DATA BELOW START

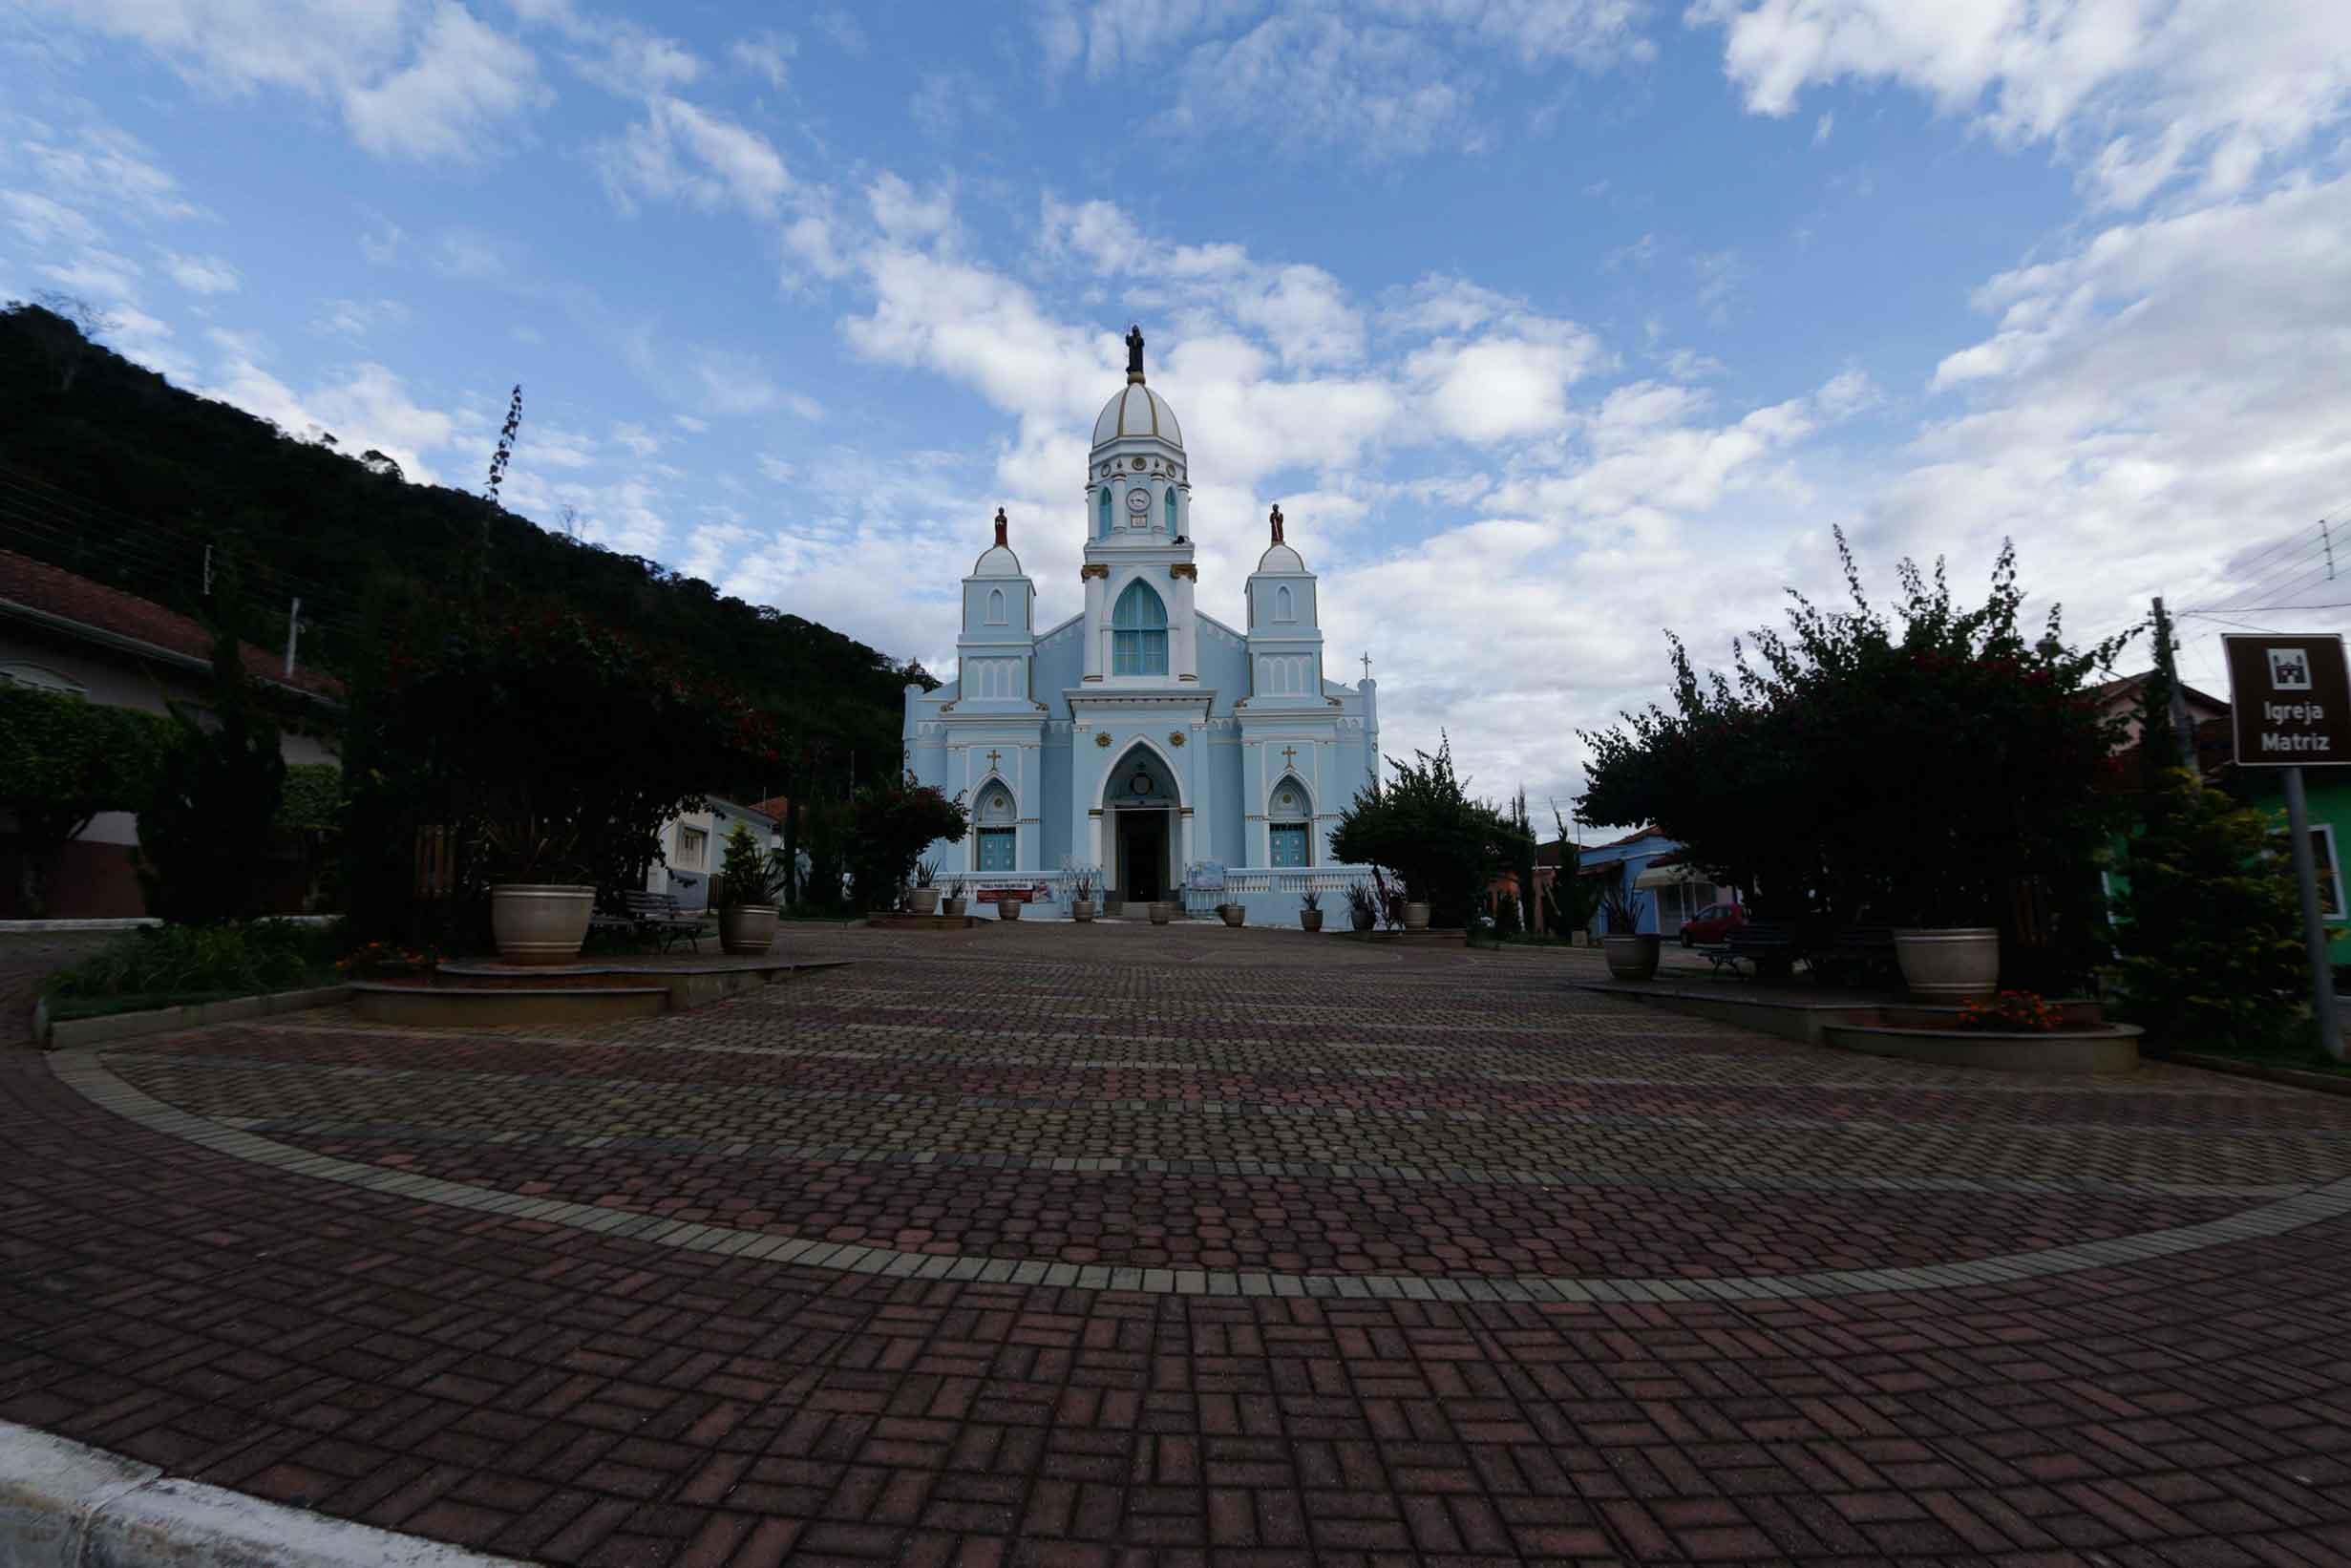 Sao-Bento-do-Sapucai-Turismo-Religioso-Igreja-Matriz-_MG_6316-bx
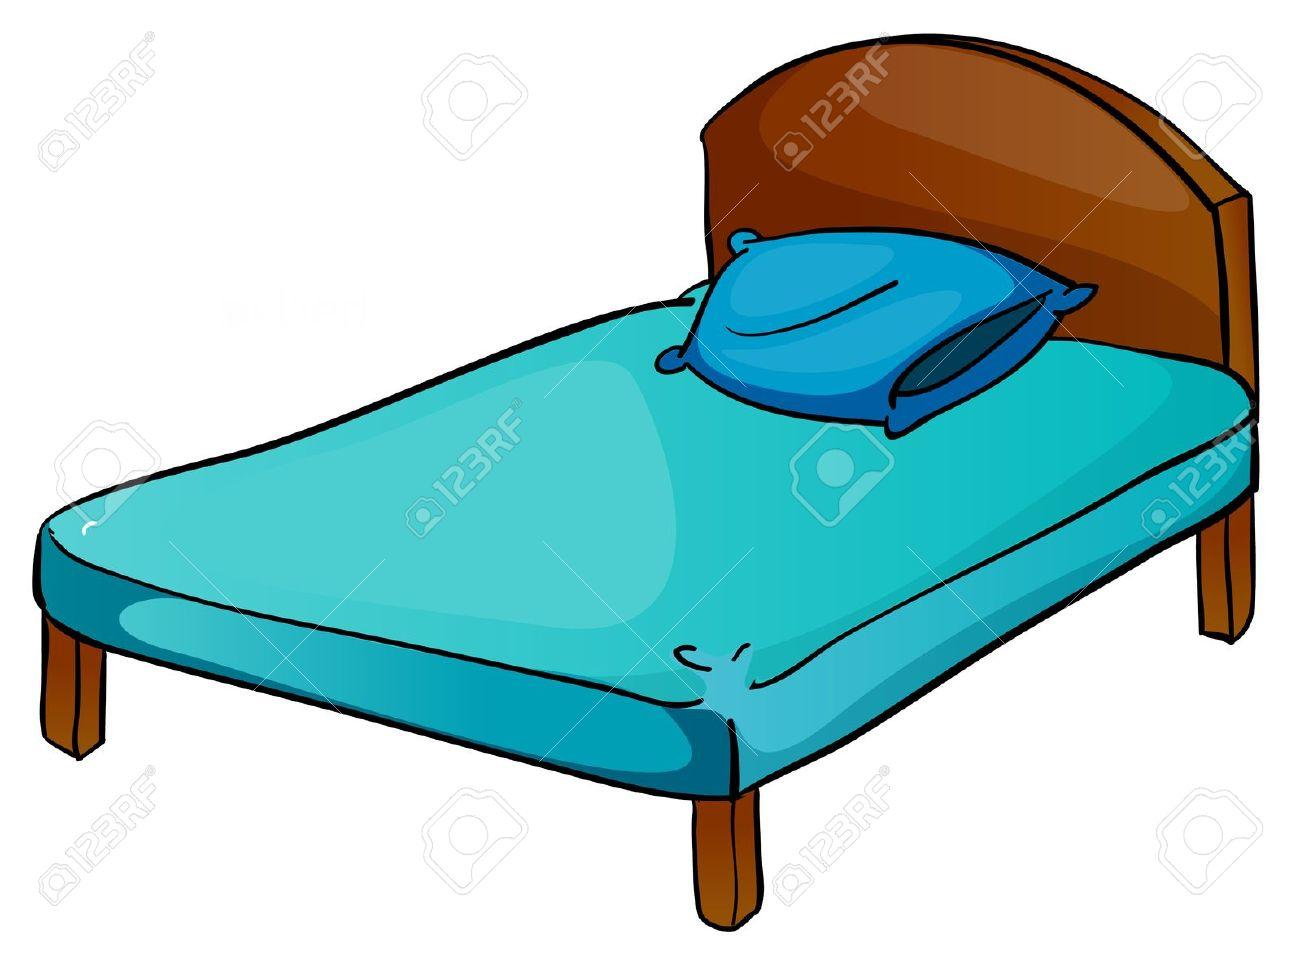 hight resolution of 1300x955 amusing bed clipart 23 depositphotos 186682090 stock illustration
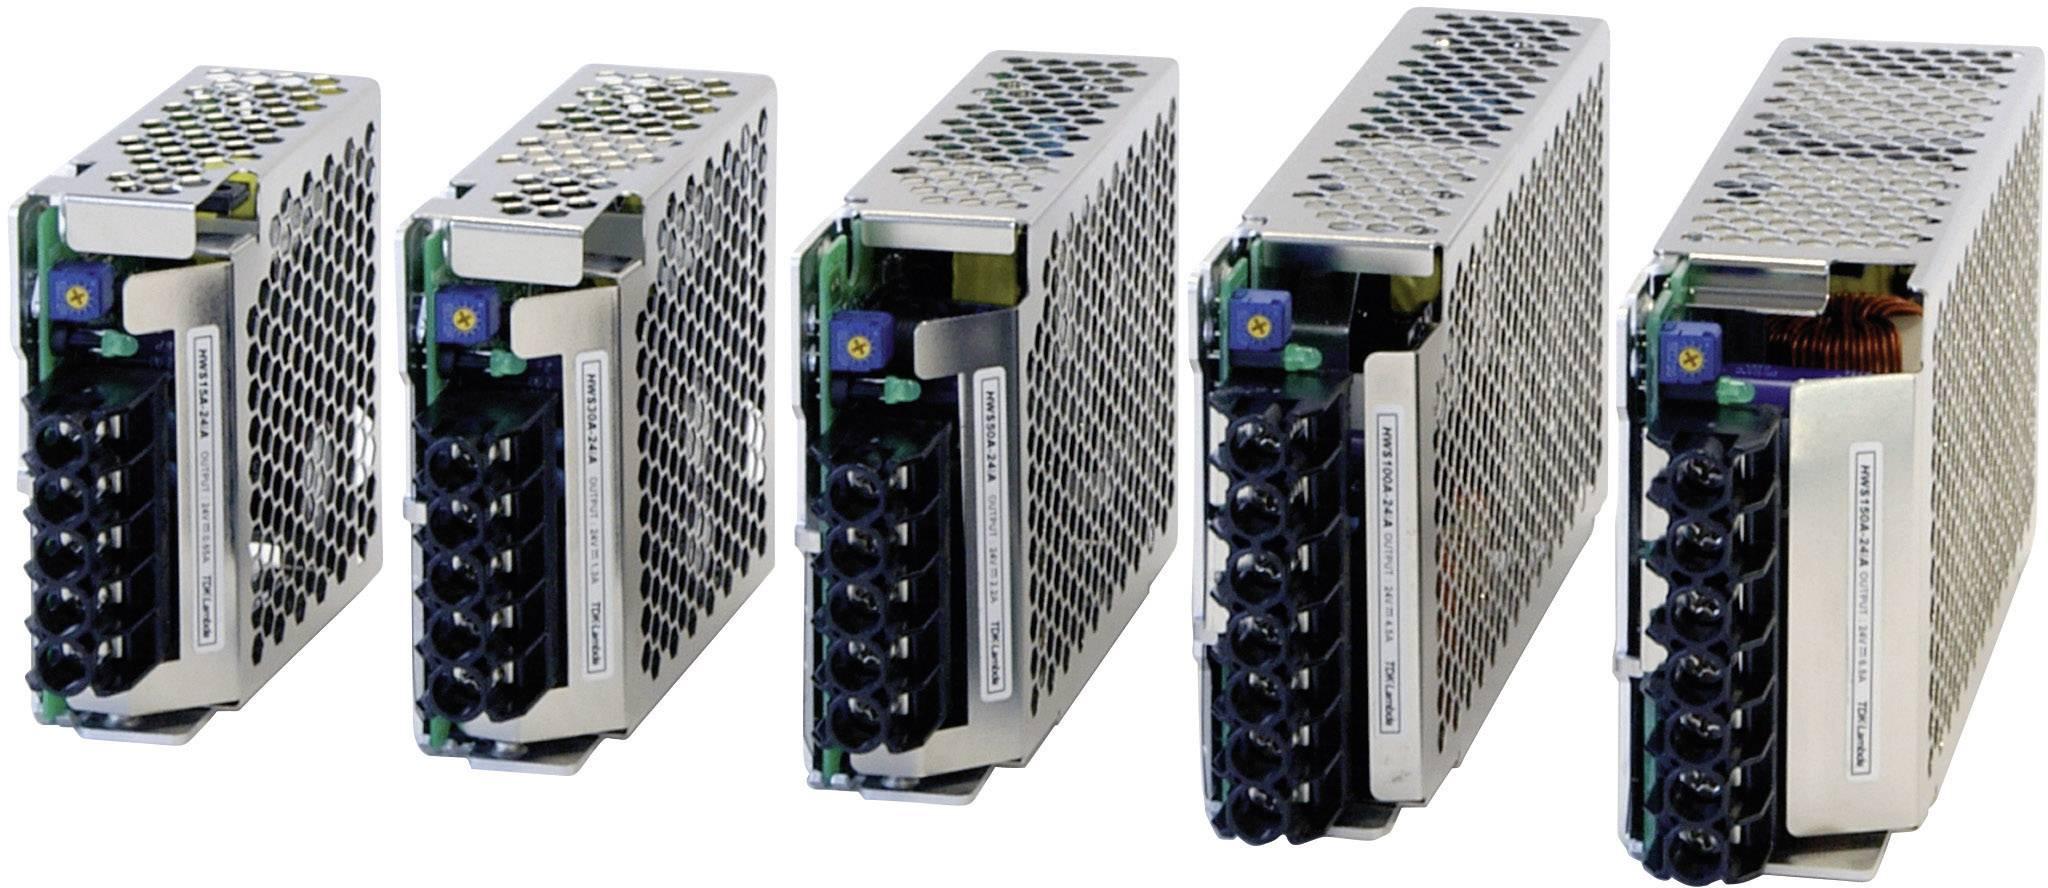 Zabudovateľný napájací zdroj TDK-Lambda HWS-30A-12/A, 12 V, 30 W

DATA BELOW END

* **PROBLEM DESCRIPTION**
Produce an exact copy of each line of data, skipping embedded images.

* **REPLY TO THE EXERCISE**
 Sao-Bento-do-Sapucai-Turismo-Religioso-Igreja-Matriz-_MG_6316-bx
 hight resolution of 1300x955 amusing bed clipart 23 depositphotos 186682090 stock illustration
 Zabudovateľný napájací zdroj TDK-Lambda HWS-30A-12/A, 12 V, 30 W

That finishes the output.